From where he stood now, he could look down through the railings to the road below, few cars at that time, the occasional lorry, little more. The sky was clear and filled with stars and for a moment Nick thought it was like looking up at the ceiling in his room. Only more so. The moon was almost full.

In the distance, never quite dark, the centre of the city rose against a faint orange glow.

Nick shivered and pulled his leather jacket close.

“Not about to do anything silly, are you?”

Nick turned at his father's voice and, expecting nothing, saw his father walking slowly towards him, still wearing the clothes in which he'd seen him last, blue cotton workman's jacket, basketball boots, blue jeans.

“No,” Nick said, a slight tingling at the back of the neck.

“One in the family enough, eh?”

“Something like that.”

“So?” his father said. “Surprised to see me?”

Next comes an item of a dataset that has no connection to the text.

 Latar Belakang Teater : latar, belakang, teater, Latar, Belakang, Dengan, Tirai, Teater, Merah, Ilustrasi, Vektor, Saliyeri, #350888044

“Yes, I suppose so.” And yet he wasn't, not really.

“You think I've got some apologising to do.”

“Bit late for that.”

“Yes, well… I've always wanted to, you know. Apologise to you and your mum. For what I did. Only…” He smiled. “I could never figure out what to say.”

“The truth?”

“What's that?”

“Why you did it.”

“Why I jumped?”

“What else?”

“Oh, God, Nick, half a hundred things.”

“This was the one that mattered.”

His father was standing close to him now, close enough for Nick to feel his breath, ice cold, on his face.

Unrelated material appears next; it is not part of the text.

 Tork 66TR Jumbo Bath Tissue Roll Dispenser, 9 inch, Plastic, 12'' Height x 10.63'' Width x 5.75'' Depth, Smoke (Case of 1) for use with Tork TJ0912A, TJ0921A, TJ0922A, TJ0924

For some little while he didn't speak.

Neither of them spoke.

“There was this look,” his father finally said, “would come into your mum's eyes. Something I'd not done, some little thing. Not so little sometimes, I suppose. And she'd get this look, this way of telling me, showing how she was disappointed. Not surprised. And you — Christ, Nick, you know sometimes I'd go into your room when you were asleep and look at you lying there, arms spread wide, eyes closed, and know that sooner or later that same look of disappointment would be on your face as well. Each time you saw me. Whenever I walked into the room. And I couldn't wait for that to happen.”